CONFESSIONS
The Time I Wish I’d Embraced Toxic Masculinity
One of the few physical fights I got into during K-12 school is one I keep replaying over and over again in my head
Throughout the first two decades of my life, I was the kid who always got picked on during school. And when I say “picked on,” I mean sexually-harassed, verbally-assaulted, and shunned by my peers.
Upon reflection, there were a number of reasons why I didn’t fight back. My dad was strict, and hammered obedience into the mindsets of myself and my sister. I carried that with me to school. Coupled with being autistic, I somehow got it in my head that if I spoke up for myself, used swear words, or engaged in physical self-defense — I would be punished, and the teachers would humiliate me for failing to follow the rules.
And there was some truth to that. In my school district, at least — many teachers seemed to make a conscious effort to be harder on us “good kids” if we ever stepped out of line. While the “bad kids” would still get disciplined, it appeared to be doled out with an aura of exasperated defeatism from the faculty members who had to deal with them.
Apparently, most of these hooligans were “lost causes” in the eyes of teachers, administrators, and aides. Therefore, some of the faculty only reprimanded them by halfheartedly going through the motions.
On the other hand, if you were a “good kid” like me — there was still some hope for you, in the eyes of authority figures. If we even sneezed with a hint of snide condescension, we’d be swiftly and unequivocally “put in our place.” Probably to keep us from falling in with the wrong crowd at an early age.
This was the culture into which I’d been absorbed when I began the Third Grade.
After three grade levels of education, I still had zero real friends. There were kids with whom I was casually friendly, but I never socialized outside of school. My interests and hobbies differed from those of most boys. I loved creative writing, photography, watching TV, reading storybooks, playing with “girly” toys, and expanding my imagination to become a problem-solver.
A majority of boys — at least at my school — appeared to be obsessed with sports, roughhousing, and enjoying the outdoors.
This schism apparently captured the attention of Luke, one of my classmates. He would make cocky statements to me at lunch, on the playground, or at other times when there was no adult in the room. He demeaned me for my interests; at the time, I was a huge fan of The Simpsons (which was in only its second season). Luke thought The Simpsons were freaks who looked like their faces were covered with paper bags. He preferred G.I. Joe, which I told him I found boring. Luke didn’t understand how I could believe that.
“It’s about guys in the military,” he corrected me.
Is it possible for one boy to “boysplain” something to another boy?
Ironically enough, as I inched closer to middle school, I would come to loathe The Simpsons. Its gross-out humor and awkward meta narrative eventually became a permanent turnoff for me. So…maybe Luke was onto something, there?

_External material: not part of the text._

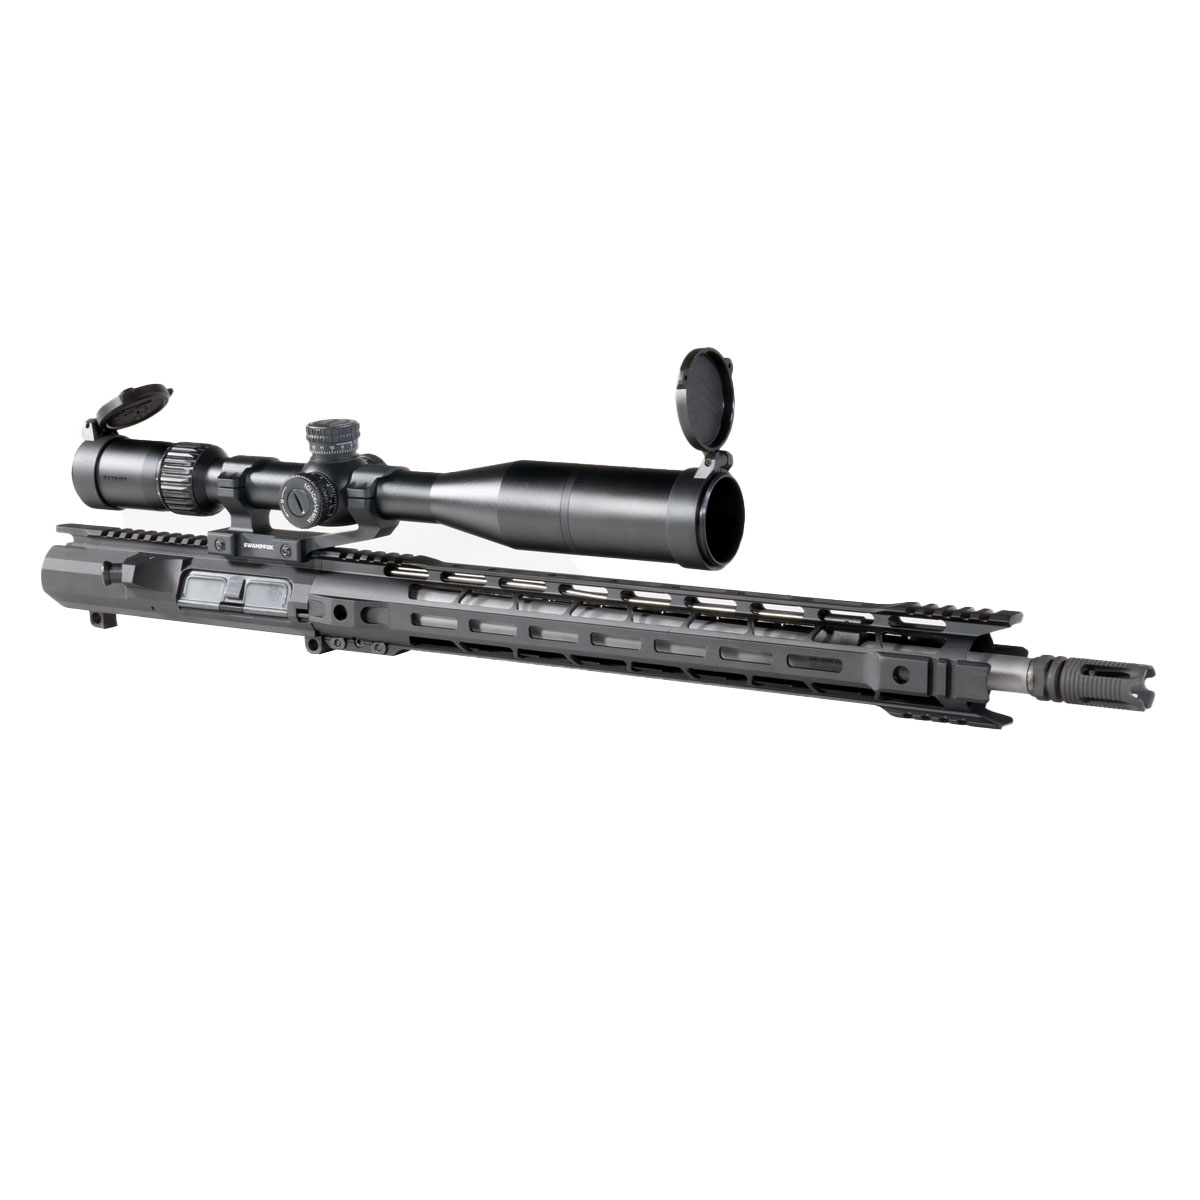 DD 'Negotiator' 18-inch LR-308 .308 Win Stainless Rifle Upper Build Kit

But then he’d shove me. He waited until there was no playground aide or authority figure in the vicinity. And then he’d slam me against the building’s brick wall. Or he’d pull my winter hat down over my head. Or he’d push me down to the ground.
Luke was regularly doing these things to intimidate me and make me feel shitty. He wanted me to know my place in the social hierarchy. Perhaps he had a rough homelife of his own, and so he was taking it out on me as an easy target?
It’s one thing to be excluded by your peers, socially. It’s another thing to be directly and intentionally preyed upon. I suffered in silence, because I’d been trained to believe that fighting back would result in a harsh punishment for me.
Here’s the interesting part: Luke didn’t necessarily have all the characteristics that society tends to associate with bullies when stereotyping them. Academically, he was smart and earned good grades. He didn’t openly mouth off to teachers. And, to this day, I still don’t know the specifics of his family circumstances…but there was nothing in his demeanor to suggest that he was living in an environment that would commonly get him labeled as “trailer trash.”
Luke had plenty of alpha male qualities without necessarily having alpha male status itself, within our grade’s hierarchy.
The Fight
In the Spring of 1991, after 6–7 months of constant harassment from Luke, I’d had enough and reached my breaking point. I could no longer bear to be looking over my shoulder every time we went out for recess.
It was March or April, as the snow was melting. At the end of one recess period, the aides had blown their whistles, indicating it was time for us to return to class. There was this covered breezeway separating the playground from the entrance to the upper grades’ side of the building. Once you passed through the breezeway, a mini-courtyard with multiple outdoor stairways led up to the wing of the school in front of which we’d line up before going back inside.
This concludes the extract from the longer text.